As the debate heats up on the government’s desire to increase Japan’s defense budget, some people on social media have been posting a quote by ruling Liberal Democratic Party lawmaker Tomomi Inada from 2016 when she was the defense minister. Inada proposed transferring funds used for the children’s allowance (kodomo teate) to defense, which she reasoned would solve the problem of perceived shortfalls. The children’s allowance is a form of welfare that is available to any household with children that makes up to a certain amount of money, and obviously Inada thought it could be sacrificed on the altar of national security. The people who have posted the meme say that Inada thinks children are less important than Japan’s ability to purchase expensive military hardware from the U.S., and, as a matter of fact, of all the G7 governments, Japan’s spends the least on children and their education. Meanwhile, if the defense budget is increased to 2 percent of GDP, Japan will then be number 3 in the world of all countries in terms of defense spending.

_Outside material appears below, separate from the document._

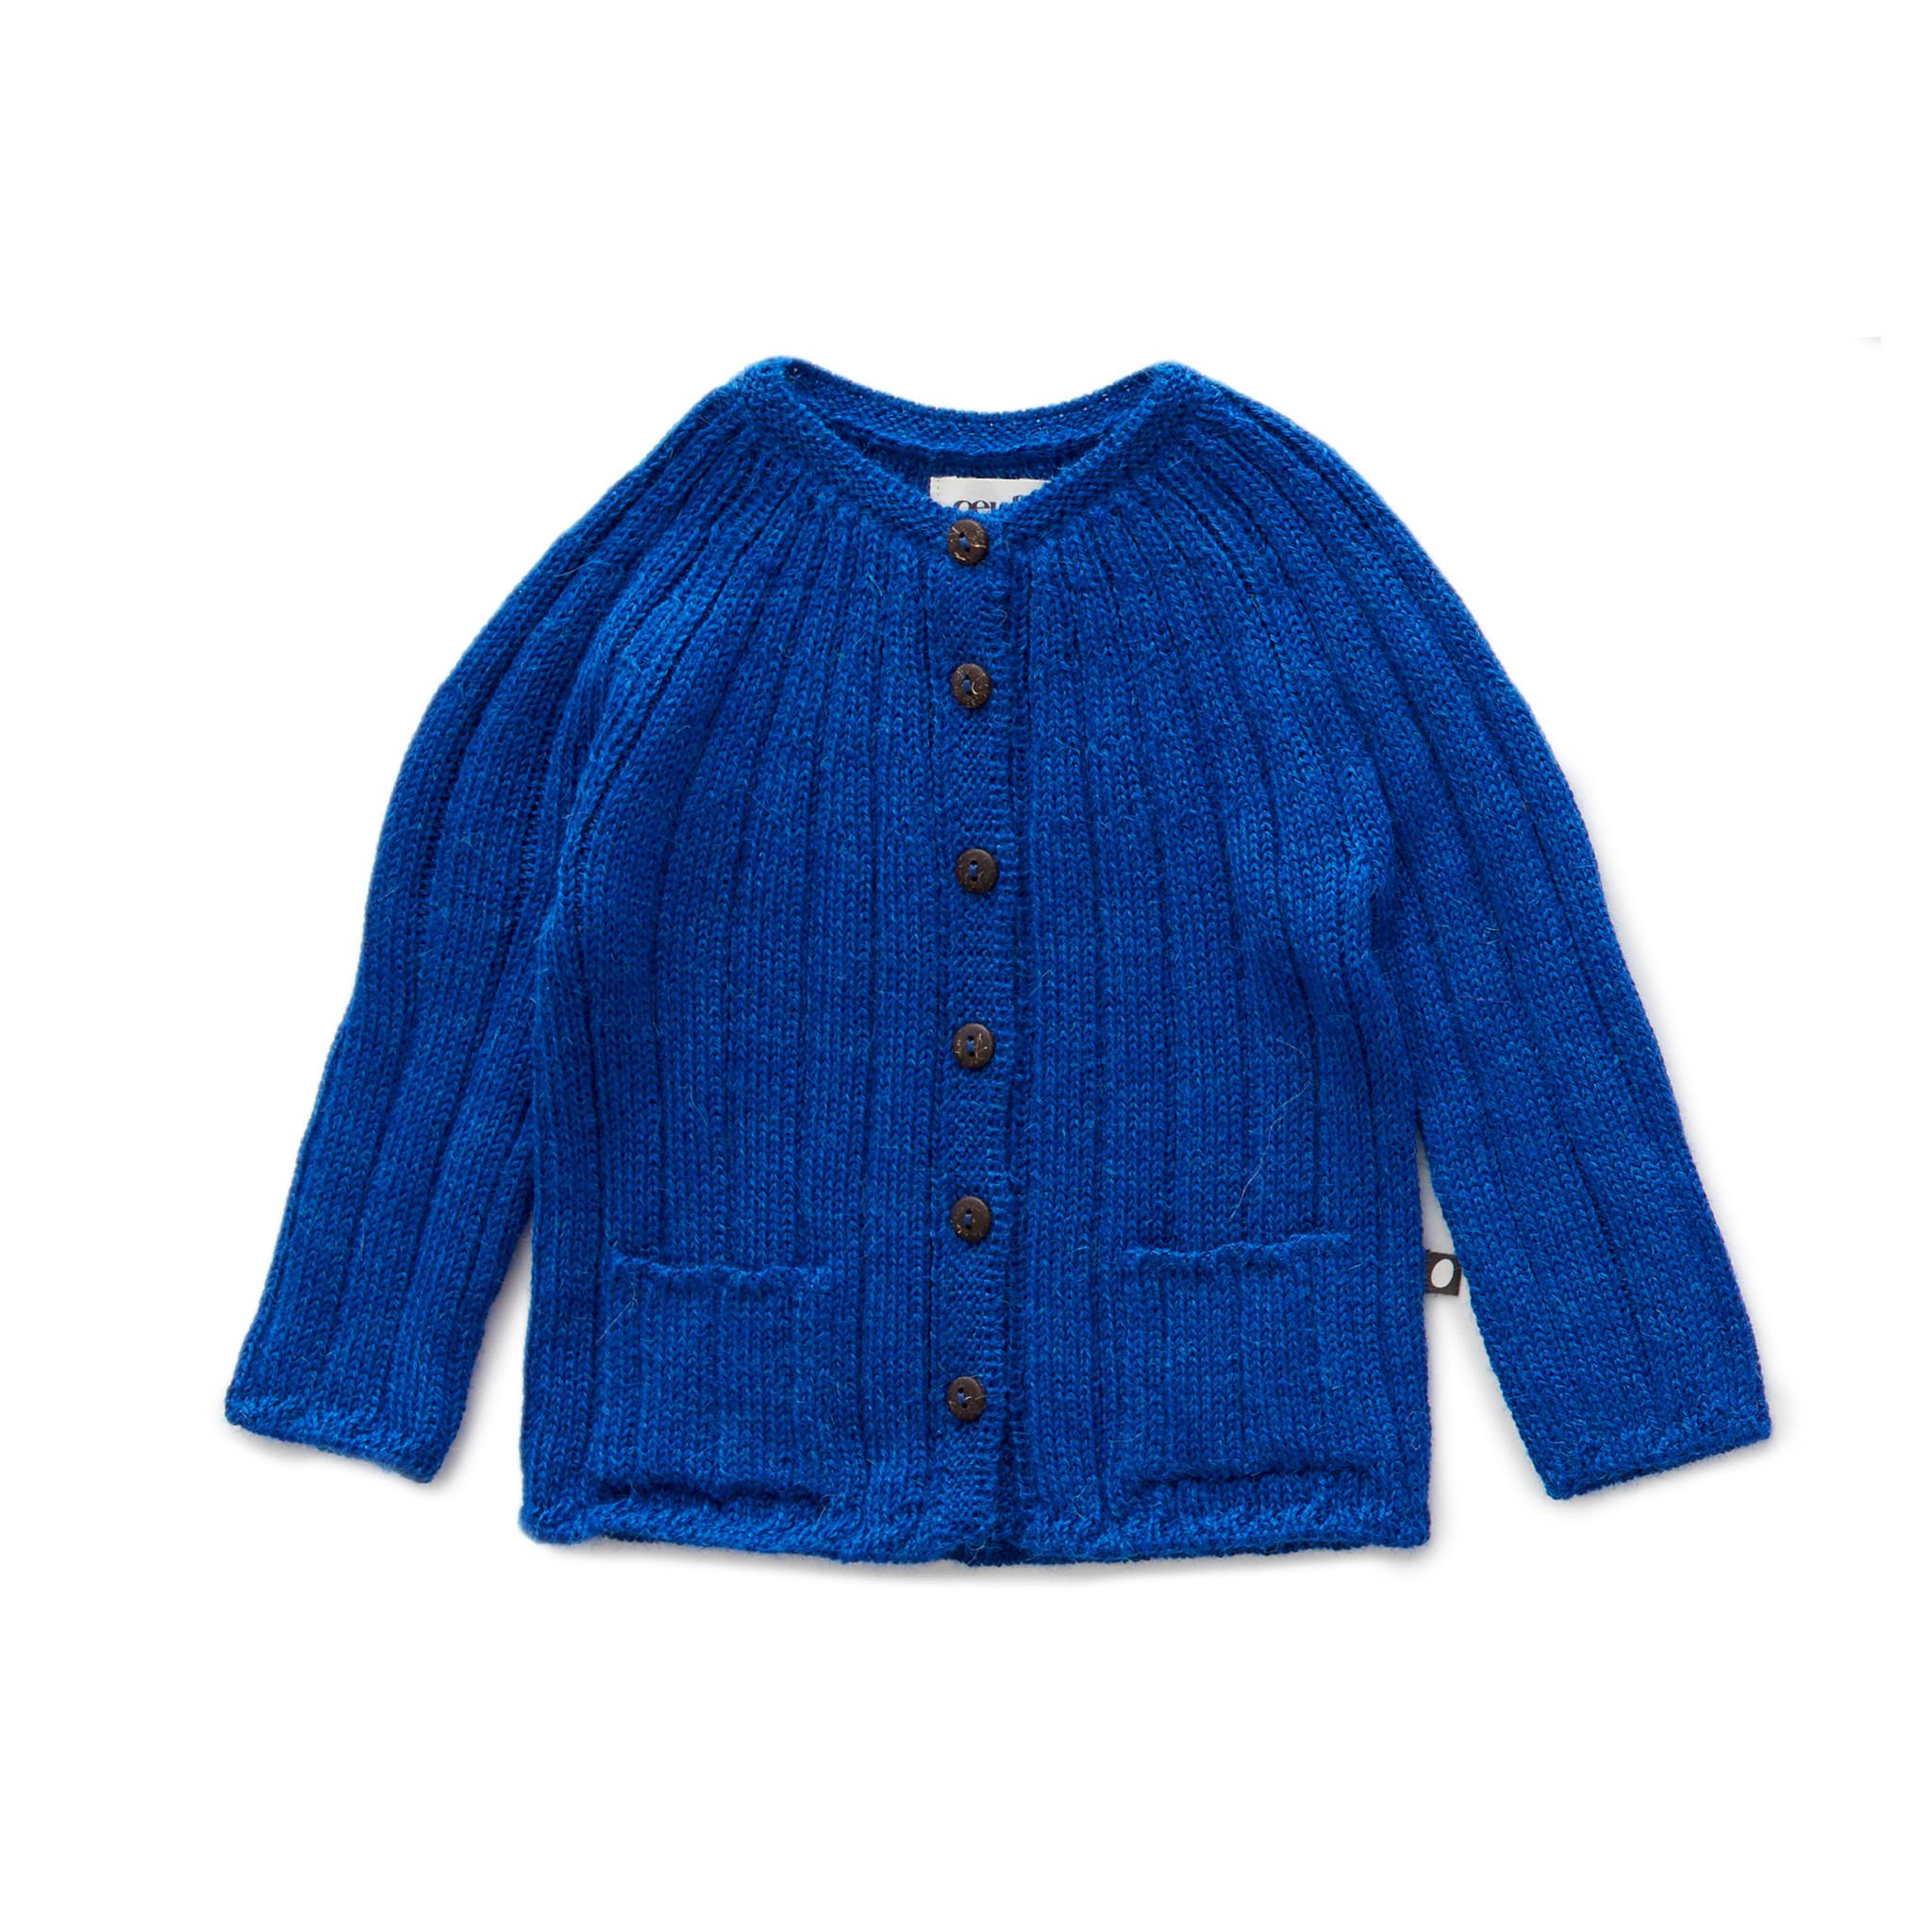 Oeuf Blue Ribbed Cardigan

Even when the government addresses issues that directly affect children their priorities can seem skewed. A June 6 article in the financial magazine Toyo Keizai talked about a symposium carried out by a group of scholars and former athletes at the behest of the Japan Sports Agency about the future of junior high school sports. As everyone knows, the birth rate continues to drop year after year, which means school enrollment in most places is also dropping. Dwindling enrollment has already started to affect extra-curricular activities, of which sports is the most prominent. Already, some junior high schools cannot muster enough students to field teams, and so the agency has been trying to come up with solutions. On May 27, the symposium proposed that school sports be moved from schools themselves to regional sports associations. The idea is that individual junior high schools with insufficient enrollment to form sports teams pool their sports-minded students together in regional sporting associations to form regional sports clubs rather than school-based sports clubs. One scholar said that by 2048, on average a boys junior high school baseball team will only have 3.5 members, thus making baseball as a school sport unviable.
According to Toyo Keizai, there are already some 3,600 regional sports associations throughout Japan that have been cultivated by the JSA, as well as other regional clubs operated by private companies. The agency has asked the symposium participants to further discuss the matter of transferring sports clubs from junior high schools over the next three years. The first phase of their work would be a summary of the transfer proposal. The second phase will presumably be coming up with concrete ideas to carry out the transfers. The group admits that such a move will fundamentally change the whole concept of how to develop athletes in Japan, an endeavor that has centered on the school system. Consequently, the third phase, which would be the actual transfer, can only be carried out after problems already facing school sports, mostly of a financial nature, are addressed.